Exercise brief: Only one stretch of the data below is wanted: the lines from the one with "2 Posición de" through the one with "Zentralblatt für die", repeated exactly.

Provided entries:
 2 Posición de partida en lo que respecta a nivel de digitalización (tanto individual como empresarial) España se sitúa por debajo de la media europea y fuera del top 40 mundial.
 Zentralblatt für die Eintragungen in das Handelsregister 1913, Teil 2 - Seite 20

--

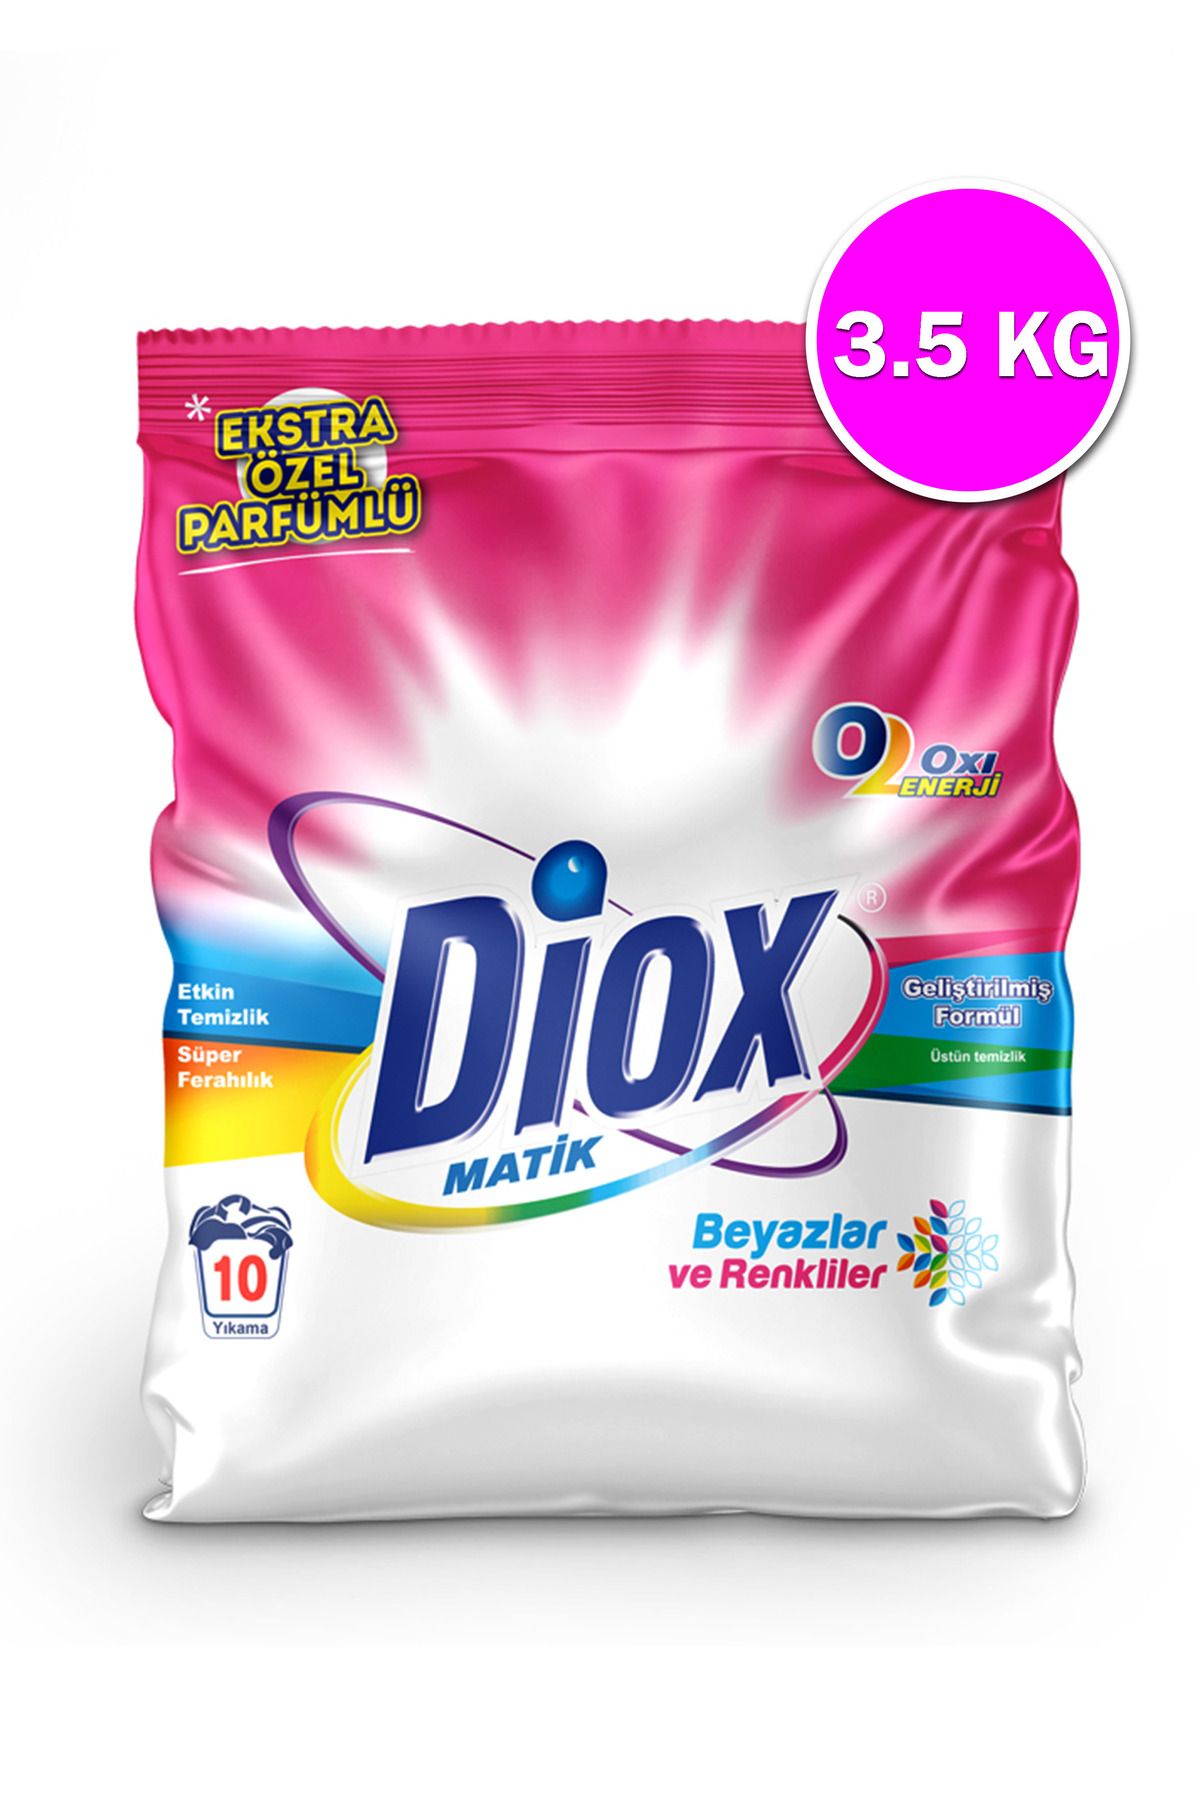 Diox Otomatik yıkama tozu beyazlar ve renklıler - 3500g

* * *

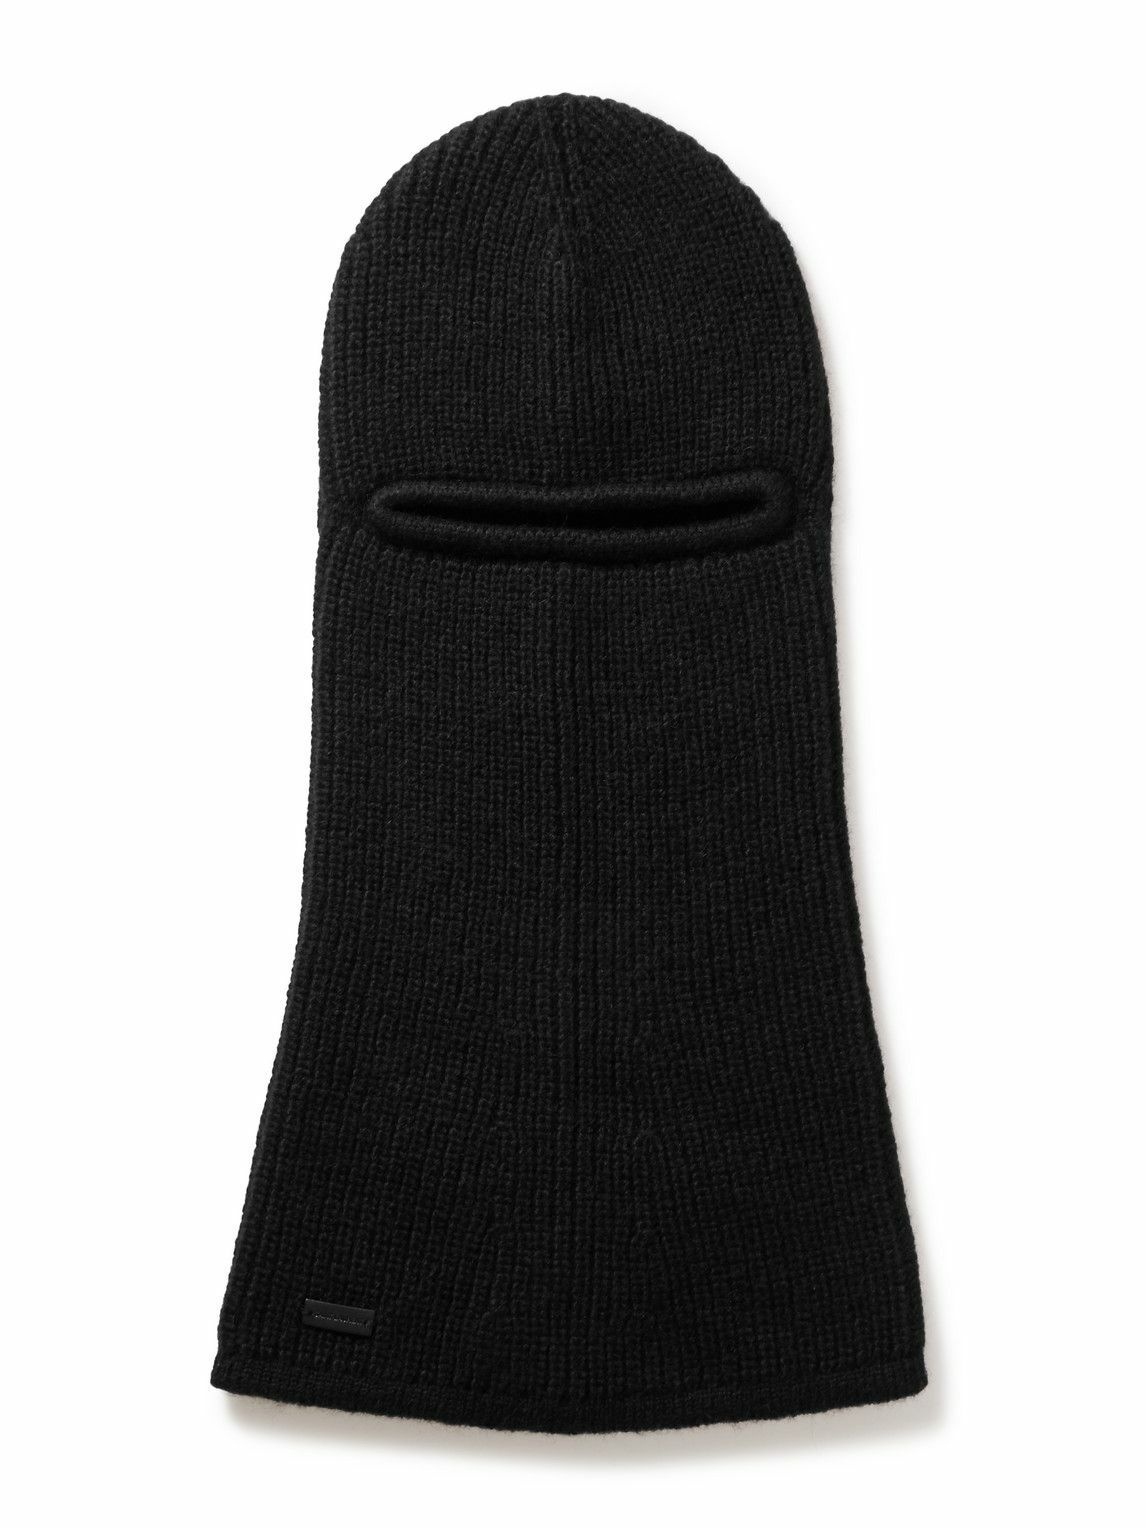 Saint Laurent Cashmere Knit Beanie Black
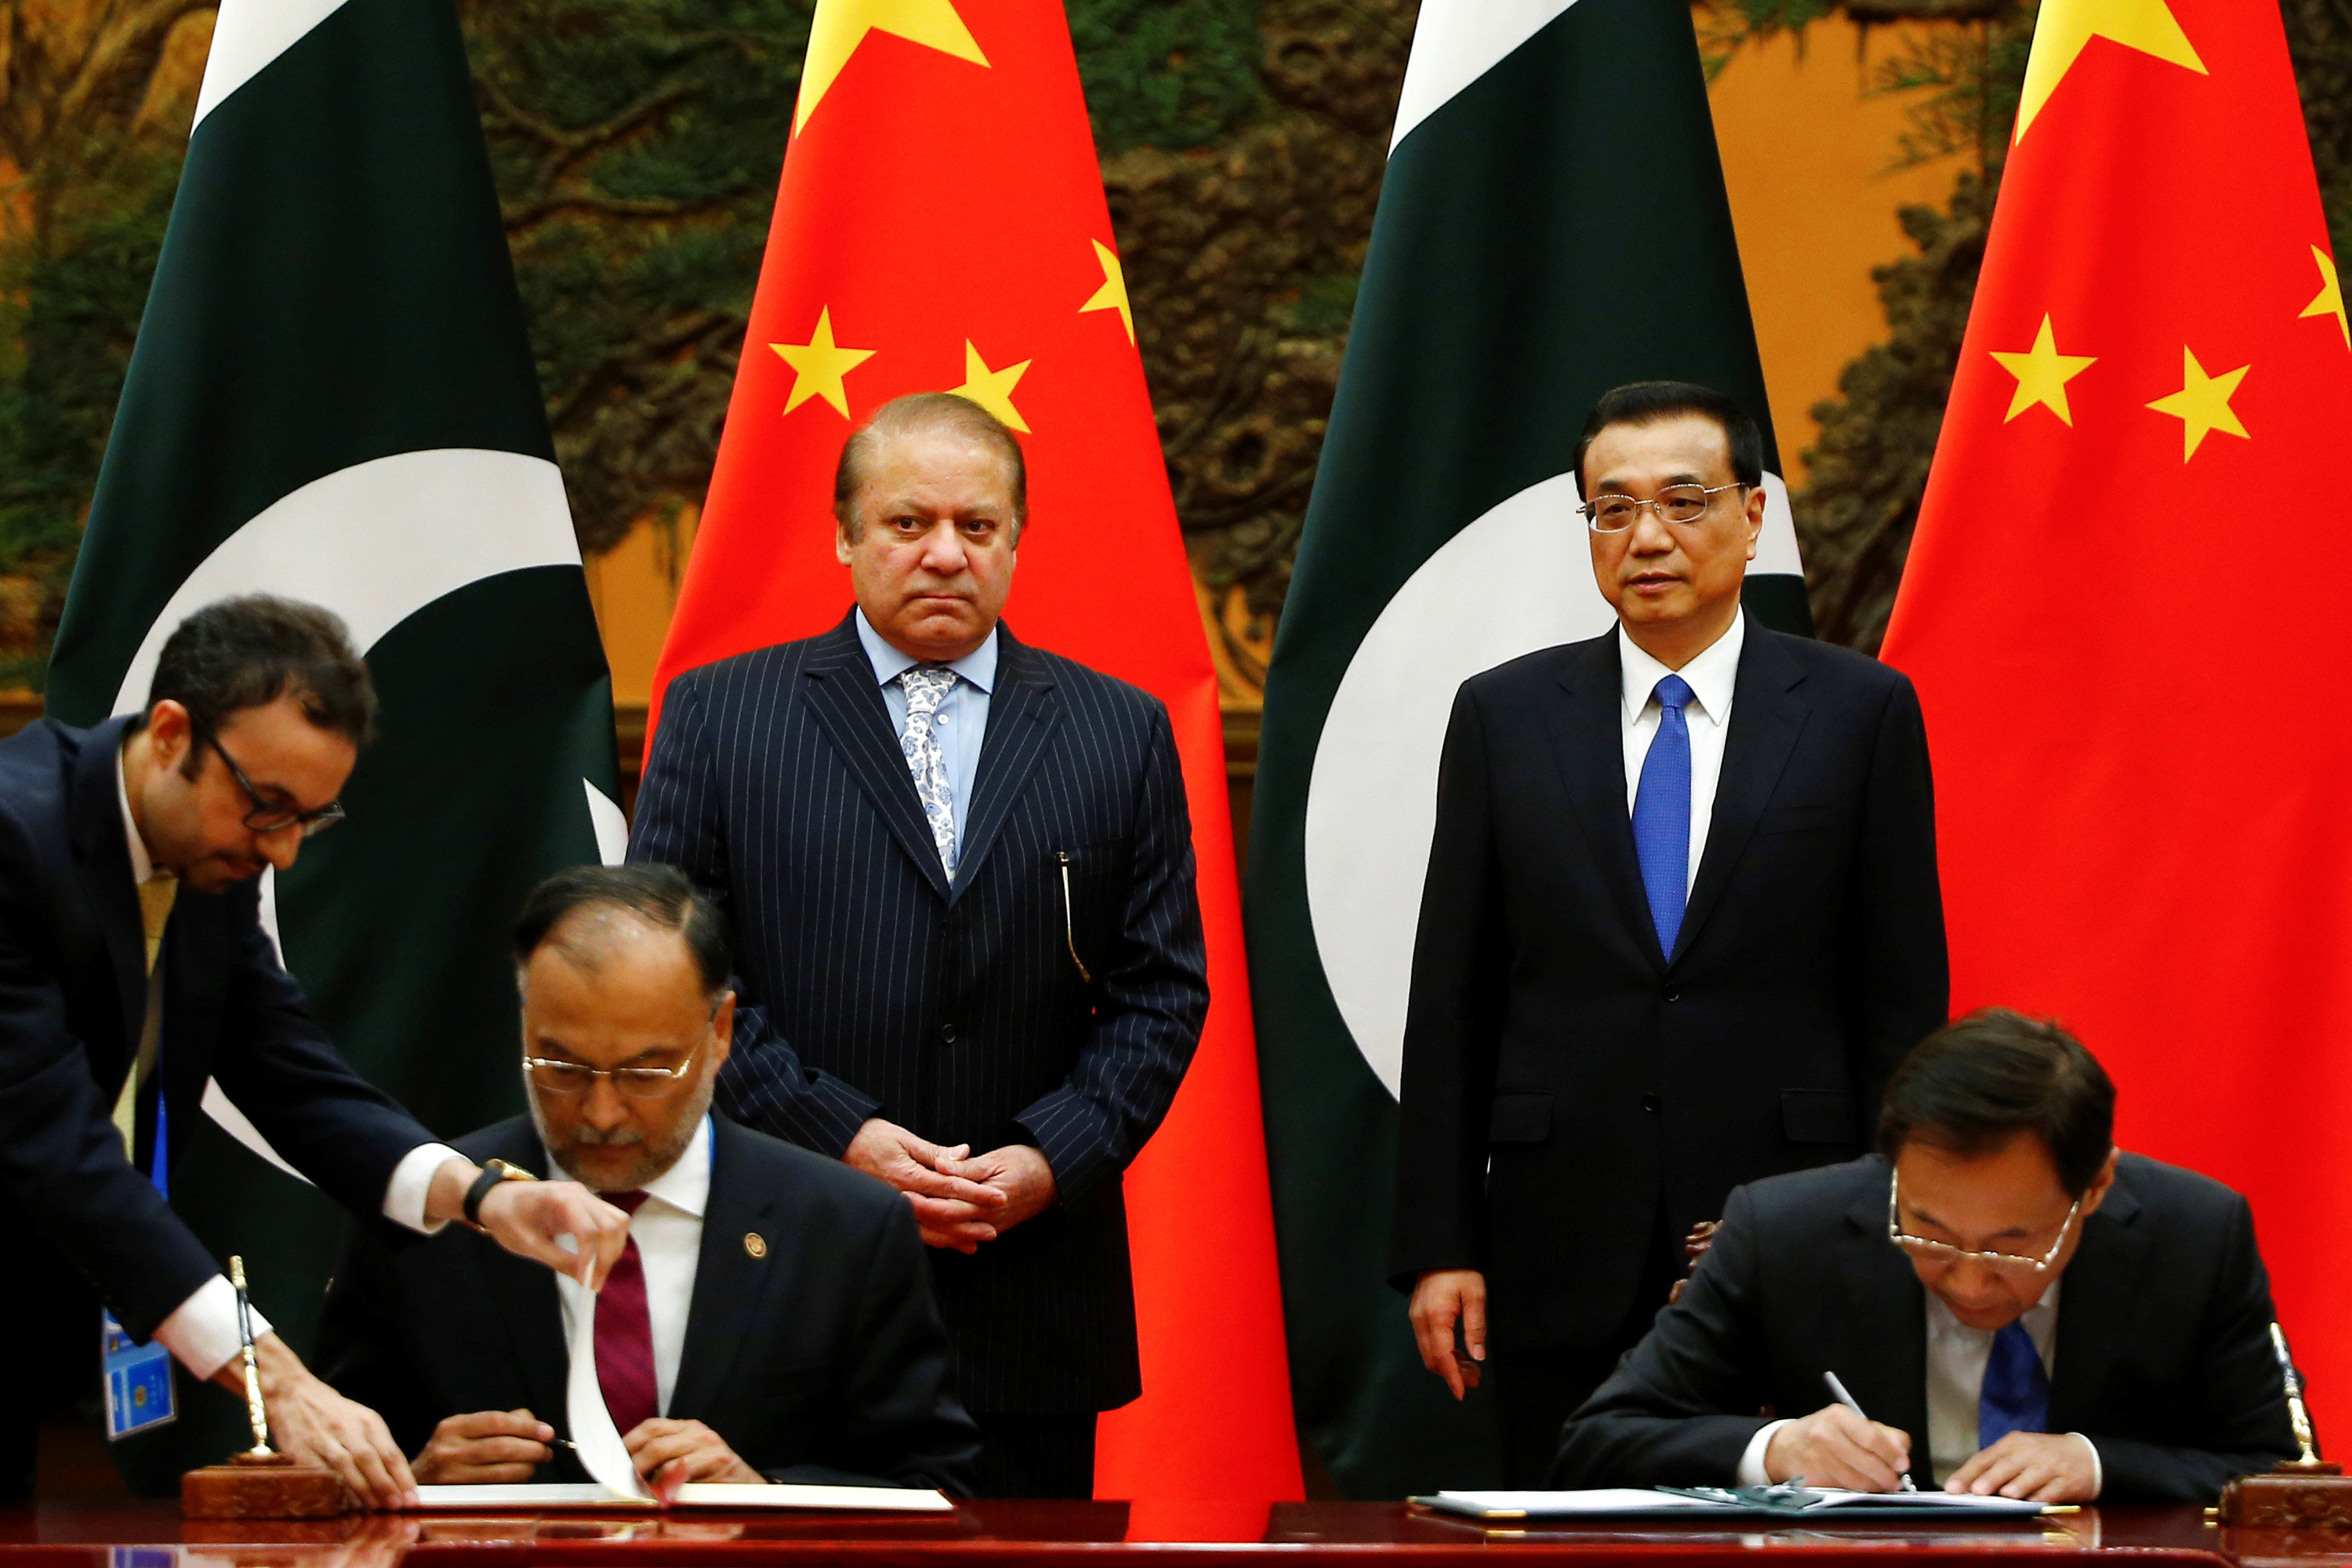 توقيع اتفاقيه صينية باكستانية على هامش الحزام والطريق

Solution to the exercise:
 2 Posición de partida en lo que respecta a nivel de digitalización (tanto individual como empresarial) España se sitúa por debajo de la media europea y fuera del top 40 mundial.
 Zentralblatt für die Eintragungen in das Handelsregister 1913, Teil 2 - Seite 20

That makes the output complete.